2020 selon Blu Fiefer, une fachet khele’

À la faveur de son corrosif et explosif « Sint el-ew » qui recense, tout en slam, les malheurs empilés au compteur de 2020, Blu Fiefer caracole en tête des classements et tend à notre époque un miroir non déformant, aussi régalant que défoulant...

2020 selon Blu Fiefer, une fachet khele’

Blu Fiefer refuse désormais et plus que jamais « de se la boucler », elle reste profondément humaine. Et libre. Capture d’écran

Le jargon libanais a de ces expressions géniales, mais hélas intraduisibles. Fachet khele’. Se défouler?
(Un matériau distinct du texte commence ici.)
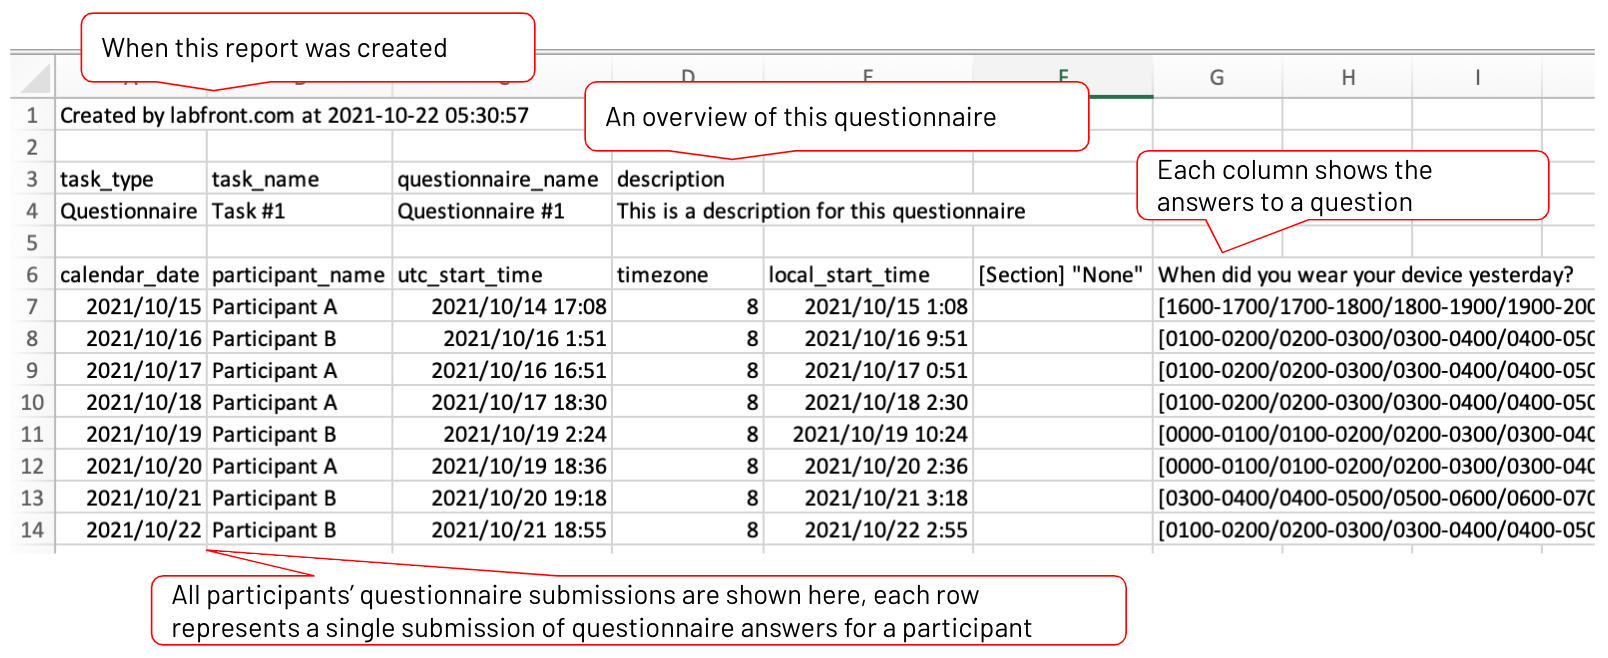 CSV file of questionnaire data with date, overview, and participant's submissions 
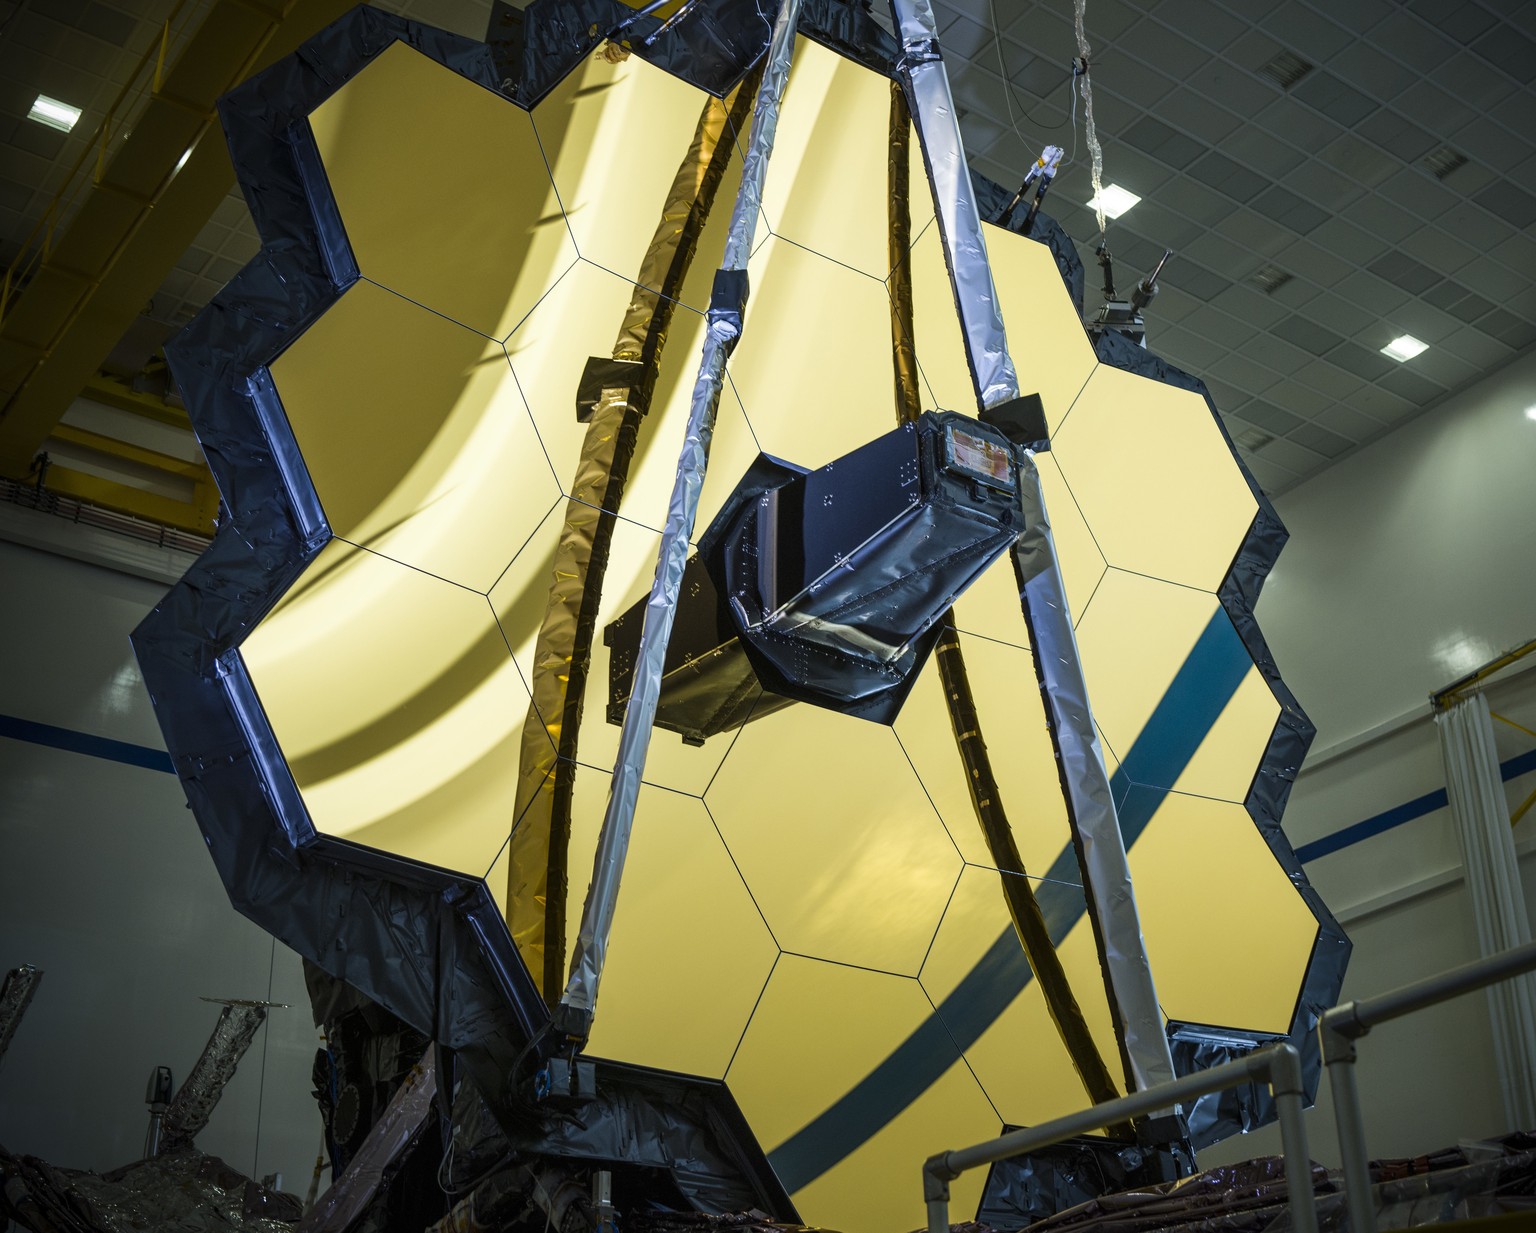 This March 5, 2020 photo made availalble by NASA shows the main mirror assembly of the James Webb Space Telescope during testing at a Northrop Grumman facility in Redondo Beach, Calif. Webb will attem ...

Relâcher ses nerfs ? Dégager le poids qu’on a sur la poitrine ? Sortir ce que l’on a dans ses tripes ? Aucune de ces traductions approximatives ne réussit à exprimer le pouvoir d’une fachet khele’ aussi bien que le fait Blu Fiefer dans son single corrosif et explosif Sint el-ew (Année de m..., NDLR), qu’elle a balancé sur les réseaux sociaux voilà trois semaines et qui, tournant en boucle, a instantanément trouvé un écho inespéré (viral) chez toute une génération de Libanais qui, à l’instar de l’artiste, n’en peut plus de gober les inénarrables abjections et humiliations de la voyoucratie de la classe dirigeante, mais aussi tous les malheurs ont ponctué l’année 2020. Sint el-ew, réinvention version slam et hip-hop du titre-manifeste de Ghassan Rahbani, Sint el-2000, « qui nous fait surtout réaliser qu’en fait, vingt ans plus tard, rien n’a changé. Pire, c’est la catastrophe », pour reprendre les mots de Blu Fiefer.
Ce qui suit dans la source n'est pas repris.